School of Life Sciences, Shanghai University, Shanghai, China.
Department of Radiology, Columbia University Medical Center, New York.
J Cell Biochem. 2019 Jan;120(1):405-416. doi: 10.1002/jcb.27395. Epub 2018 Aug 20.
Synthetic lethality is the synthesis of mutations leading to cell death. Tumor-specific synthetic lethality has been targeted in research to improve cancer therapy. With the advances of techniques in molecular biology, such as RNAi and CRISPR/Cas9 gene editing, efforts have been made to systematically identify synthetic lethal interactions, especially for frequently mutated genes in cancers. However, elucidating the mechanism of synthetic lethality remains a challenge because of the complexity of its influencing conditions. In this study, we proposed a new computational method to identify critical functional features that can accurately predict synthetic lethal interactions. This method incorporates several machine learning algorithms and encodes protein-coding genes by an enrichment system derived from gene ontology terms and Kyoto Encyclopedia of Genes and Genomes pathways to represent their functional features. We built a random forest-based prediction engine by using 2120 selected features and obtained a Matthews correlation coefficient of 0.532. We examined the top 15 features and found that most of them have potential roles in synthetic lethality according to previous studies. These results demonstrate the ability of our proposed method to predict synthetic lethal interactions and provide a basis for further characterization of these particular genetic combinations.

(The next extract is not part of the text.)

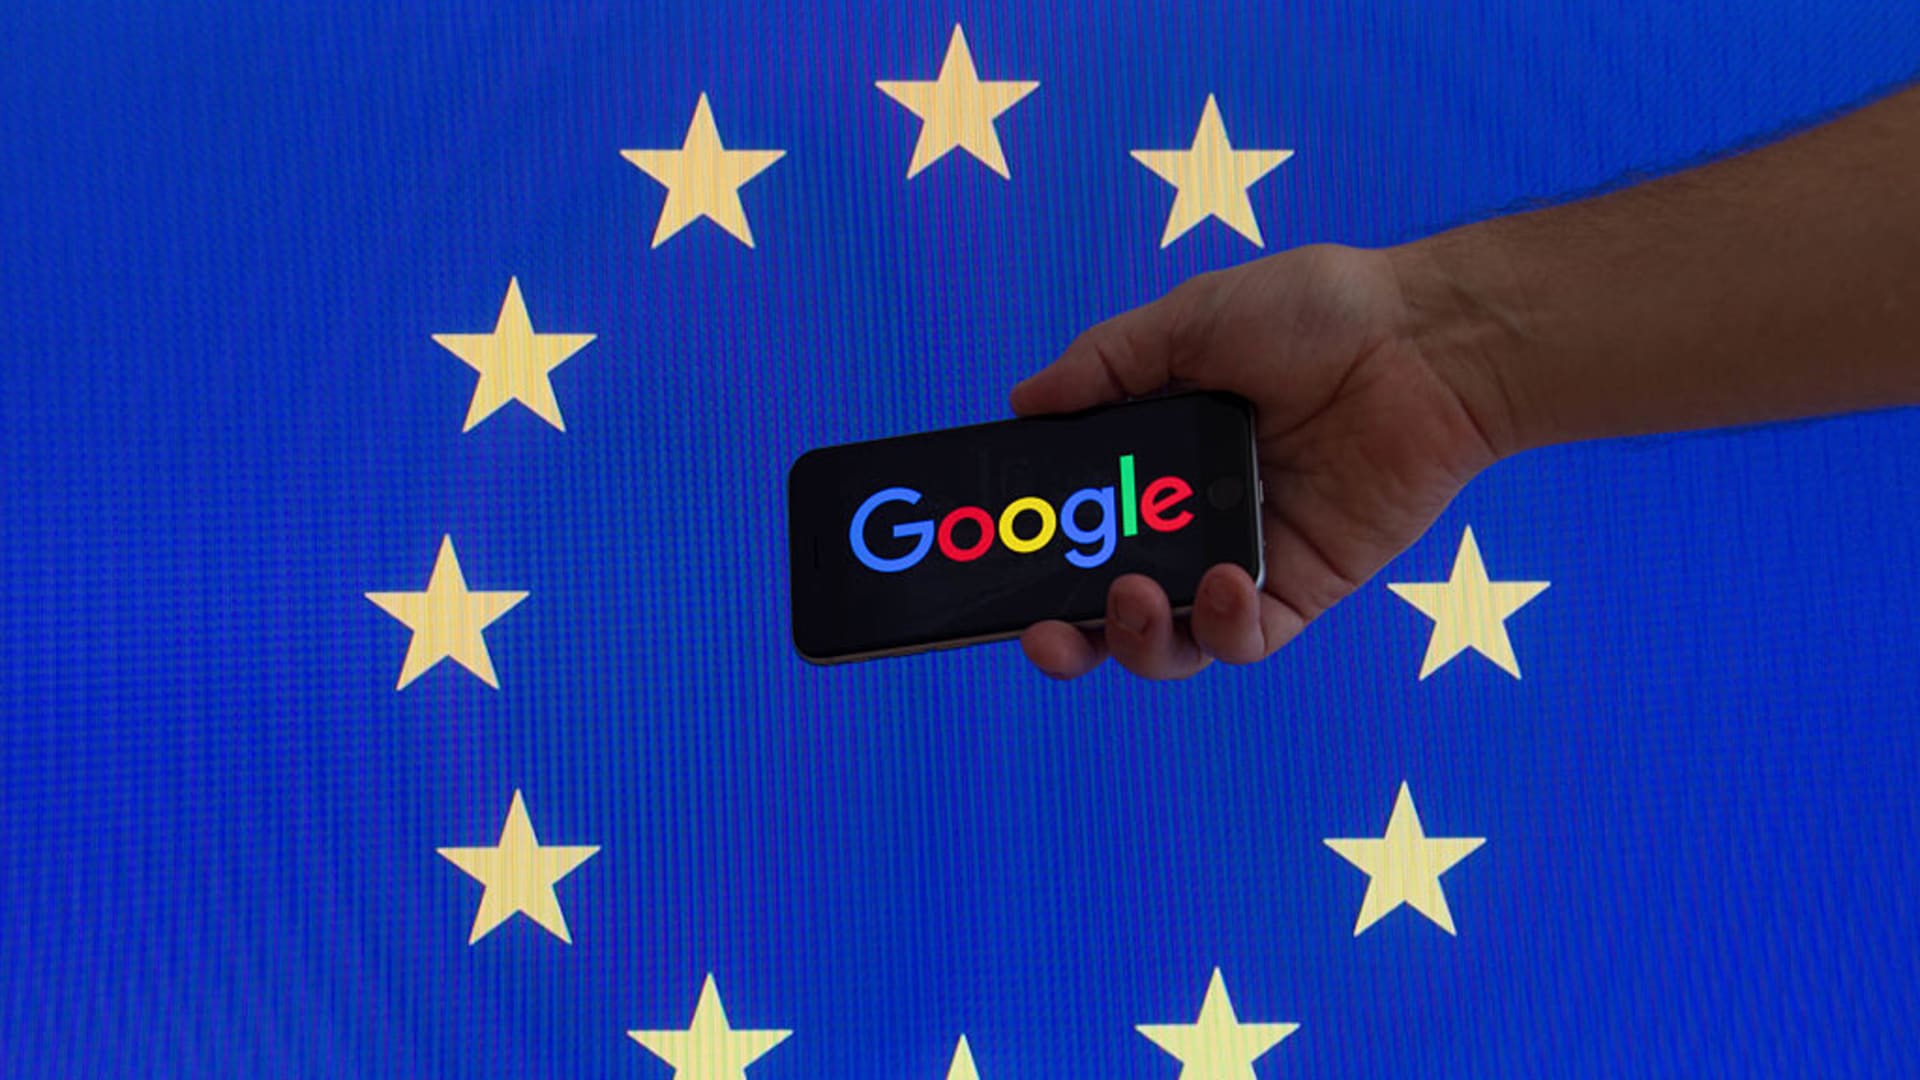 The European Court of Justice upholds the antitrust decision against Google, but reduces the fine

合成致死性是导致细胞死亡的突变的综合。肿瘤特异性合成致死性已成为研究的目标,以改善癌症治疗。随着分子生物学技术的进步,如 RNAi 和 CRISPR/Cas9 基因编辑,人们已经努力系统地识别合成致死性相互作用,特别是针对癌症中经常发生突变的基因。然而,由于其影响条件的复杂性,阐明合成致死性的机制仍然是一个挑战。在这项研究中,我们提出了一种新的计算方法来识别关键的功能特征,这些特征可以准确预测合成致死性相互作用。该方法结合了几种机器学习算法,并通过从基因本体论术语和京都基因与基因组百科全书途径中得出的富集系统对蛋白质编码基因进行编码,以表示它们的功能特征。我们使用 2120 个选定的特征构建了一个基于随机森林的预测引擎,并获得了 0.532 的马修斯相关系数。我们检查了前 15 个特征,发现根据先前的研究,其中大多数在合成致死性中具有潜在作用。这些结果表明了我们提出的方法预测合成致死性相互作用的能力,并为进一步表征这些特定的遗传组合提供了基础。